▶ **WHAT TO DO**
In the data below, find the line containing "Rebecca earrings Golden", then set down that line and every later line up to and including the line containing "Daphne du Maurier", exactly.

▶ **DATA SHOWN**
------------------------------------------------

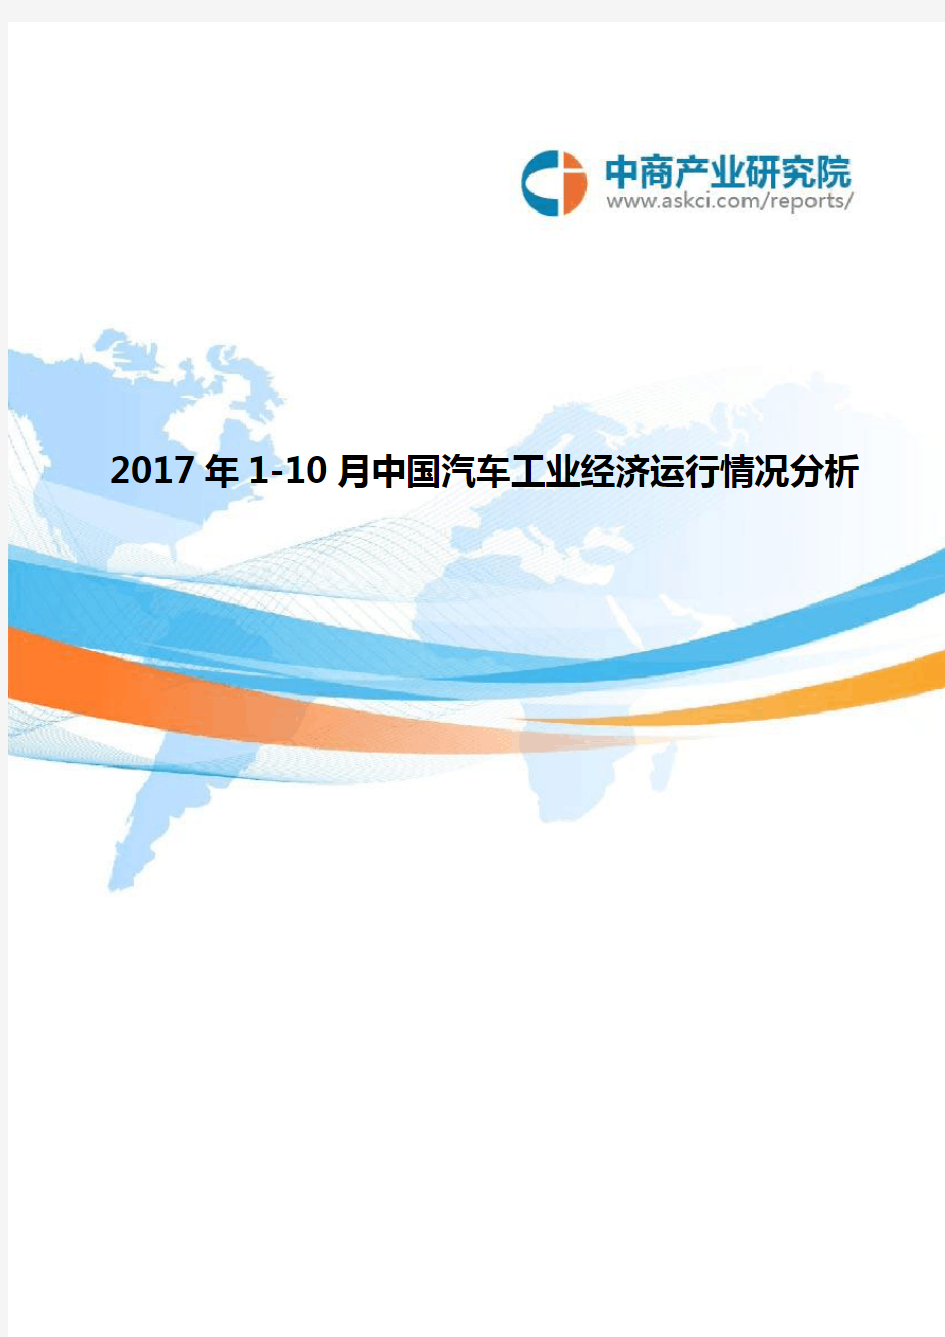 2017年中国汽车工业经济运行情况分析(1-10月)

------------------------------------------------

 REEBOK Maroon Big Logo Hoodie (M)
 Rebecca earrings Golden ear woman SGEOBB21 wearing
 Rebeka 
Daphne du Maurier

------------------------------------------------

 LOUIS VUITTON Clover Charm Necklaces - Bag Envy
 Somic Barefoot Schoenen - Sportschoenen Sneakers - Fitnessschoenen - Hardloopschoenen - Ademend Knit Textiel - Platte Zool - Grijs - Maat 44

------------------------------------------------

▶ **SOLUTION TO THE EXERCISE**
 Rebecca earrings Golden ear woman SGEOBB21 wearing
 Rebeka 
Daphne du Maurier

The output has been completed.